If the scanning process is made efficient at all the universities now in Google’s orbit, a book already scanned at Harvard won’t be rescanned at Berkeley. So Berkeley may not receive a copy, and because of the restrictions on sharing its holdings, won’t have an easy time getting one from Harvard. The student of 2012 will have a choice: go to the complete digital library, owned by Google, or go to the partial digital library of his or her own university.
That extreme scenario may not come to pass, but there are many other questions about the Google / UC deal:
* What more might UC be able to do if its scanning project were funded by the legislature or foundations, rather than by Google?
* UC says the “digitized books will be searchable through Google Book Search.” Can anyone else build services that access this data? Or is it another case of “Google can crawl everyone else’s data, no one can crawl Google’s data?”

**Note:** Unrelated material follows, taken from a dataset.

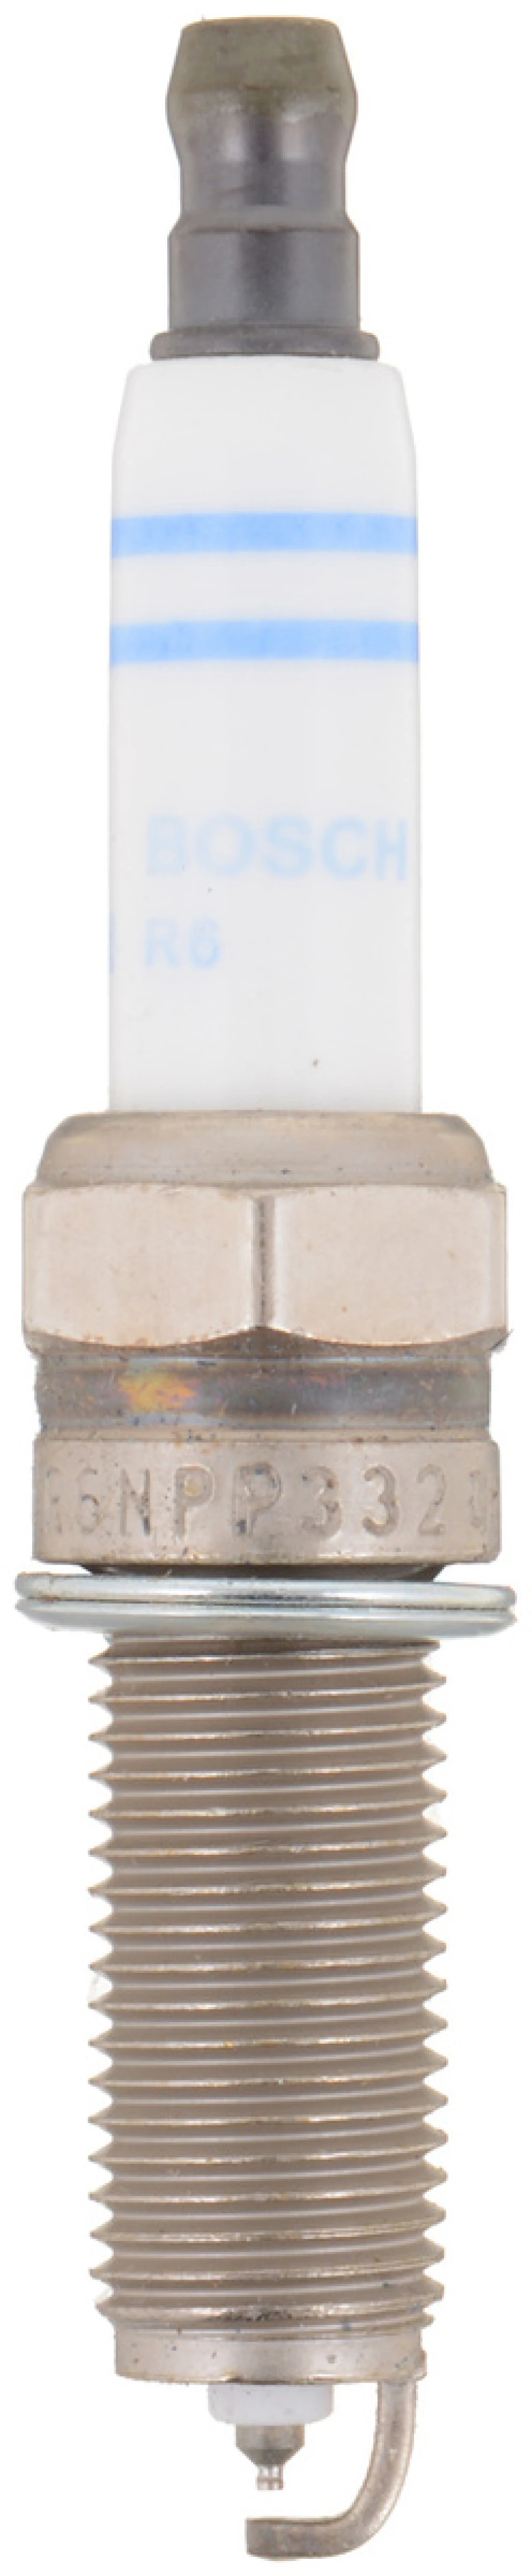 Свеча зажигания Bosch 0 242 140 512 (YR6NPP332 0.8)

* What quality assurances will Google provide? How can we ensure this won’t be a repeat of the microfilm experience?
* Will UC have copies of the full, high quality scans, or will certain information, such as image positioning data needed for searching, be kept by Google alone?
* What restrictions will be placed on UC’s use of those scans?
* What will be the different treatments for material in copyright, or orphaned, or in the public domain?
* Is it reasonable to ask the public to pay a second time (or watch ads) for material already purchased, simply because it’s now necessary to convert the format in which it is stored?
* Why haven’t the Regents appointed a panel of advisors on this matter?
Clearly, UC’s high level goals are laudable. The Google people I’ve met believe in the company motto, “don’t be evil.” And it is not really in the public interest to side with the publishers who are the loudest voices now attacking Google, and a primary cause of the all the secrecy. Yet by acquiescing to Google’s demands for secrecy, UC has compromised the public interest, and set a dangerous precedent for the rest of the academic community.